___ Data

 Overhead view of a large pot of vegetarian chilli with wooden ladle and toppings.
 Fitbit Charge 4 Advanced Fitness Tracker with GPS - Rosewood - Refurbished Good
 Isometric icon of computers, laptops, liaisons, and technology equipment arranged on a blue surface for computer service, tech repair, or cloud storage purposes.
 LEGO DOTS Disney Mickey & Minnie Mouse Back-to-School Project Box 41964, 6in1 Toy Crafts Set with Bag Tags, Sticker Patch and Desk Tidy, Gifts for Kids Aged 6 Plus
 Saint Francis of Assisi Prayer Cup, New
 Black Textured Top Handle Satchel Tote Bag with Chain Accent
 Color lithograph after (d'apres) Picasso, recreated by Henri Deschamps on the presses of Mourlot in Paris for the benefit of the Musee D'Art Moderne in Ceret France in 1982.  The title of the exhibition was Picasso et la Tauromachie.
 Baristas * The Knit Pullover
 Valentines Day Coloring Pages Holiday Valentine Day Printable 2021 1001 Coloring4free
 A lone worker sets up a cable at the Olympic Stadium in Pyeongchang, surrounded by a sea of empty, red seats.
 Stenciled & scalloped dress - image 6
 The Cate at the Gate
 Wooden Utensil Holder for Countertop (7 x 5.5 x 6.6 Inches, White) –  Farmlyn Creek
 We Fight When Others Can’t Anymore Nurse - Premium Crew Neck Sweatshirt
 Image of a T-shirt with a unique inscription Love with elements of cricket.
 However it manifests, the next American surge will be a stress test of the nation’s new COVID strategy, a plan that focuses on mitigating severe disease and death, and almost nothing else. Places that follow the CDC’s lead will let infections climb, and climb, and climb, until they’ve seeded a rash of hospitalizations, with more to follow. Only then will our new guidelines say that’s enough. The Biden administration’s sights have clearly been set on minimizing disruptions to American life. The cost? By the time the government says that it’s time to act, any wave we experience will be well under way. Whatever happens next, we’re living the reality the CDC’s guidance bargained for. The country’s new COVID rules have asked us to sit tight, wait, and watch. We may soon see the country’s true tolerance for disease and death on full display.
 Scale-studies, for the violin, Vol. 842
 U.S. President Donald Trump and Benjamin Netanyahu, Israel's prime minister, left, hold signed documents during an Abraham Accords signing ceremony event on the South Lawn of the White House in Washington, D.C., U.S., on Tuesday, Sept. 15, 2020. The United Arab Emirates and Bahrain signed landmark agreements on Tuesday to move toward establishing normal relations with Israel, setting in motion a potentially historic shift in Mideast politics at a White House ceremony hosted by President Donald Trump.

______

Exercise directions: Your answer must be the line with "Scale-studies, for the violin, Vol. 842" and all lines after it through the final line of the entries, copied exactly and with nothing added.

Reply to the task:
 Scale-studies, for the violin, Vol. 842
 U.S. President Donald Trump and Benjamin Netanyahu, Israel's prime minister, left, hold signed documents during an Abraham Accords signing ceremony event on the South Lawn of the White House in Washington, D.C., U.S., on Tuesday, Sept. 15, 2020. The United Arab Emirates and Bahrain signed landmark agreements on Tuesday to move toward establishing normal relations with Israel, setting in motion a potentially historic shift in Mideast politics at a White House ceremony hosted by President Donald Trump.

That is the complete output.